Street in Bydgoszcz, Poland

Seminaryjna street is located between Wilczak, Błonie, Downtown districts in Bydgoszcz, Poland. Laid in the late 1870s, its winding path offer a view on the old town nested down in the Brda river. Many frontages and edifices display architectural and historic interests, one of them is registered on the Kuyavian-Pomeranian Voivodeship Heritage List.

==Location==
Seminaryjna street is a path linking the low-downtown part of the city to the southern heights overlooking the valley. It stems from the original Plac Poznański and winds its way along the edge of the hill up to the low-altitude urban plateau.

==History==
The road appears on a 1857 map, without naming: it follows the actual path and linked at the time down-town to the shooting range (schießstände) and the exercise area (Exercier Platz der Königl. IV Division) of the 3rd Neumark Cavalry Grenadier (Dragoon) regiment "Freiherr von Derfflinger" of the 4th Royal Cavalry Brigade.

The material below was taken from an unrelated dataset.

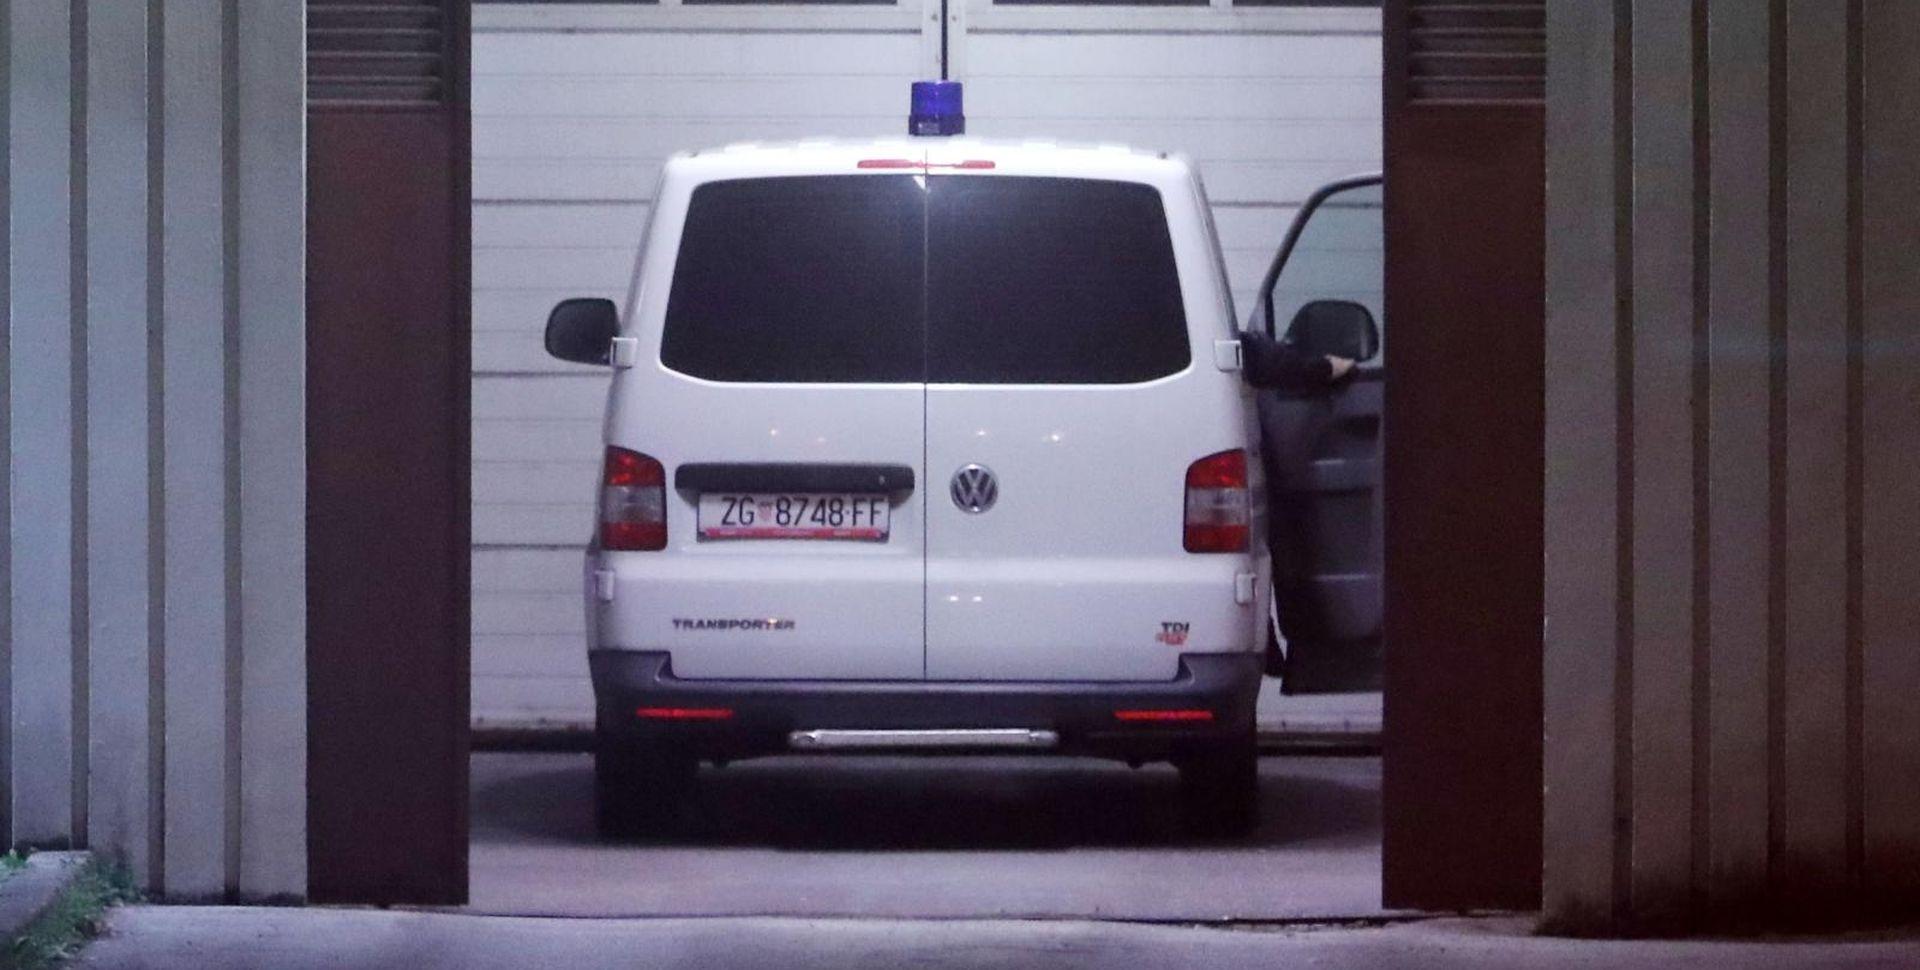 Sud odlučuje o žalbi Ivice Todorića

Seminaryjna street is first registered on the 1908 Bromberg's Address book, as Naumanns Höhe (Naumanns Heights). The name referred to Johann Gottlieb August Naumann, who was president of the Bromberg region of the Province of Posen from 1864 to 1870.
At the time, only the catholic seminary (today's building at Nr.3) was identified in the street. The other and much older edifice, the Deaconesses House (Diakonissenhaus) -today's clinic at Nr.1-, was registered at 1 Schubiner straße (today's Szubińska street).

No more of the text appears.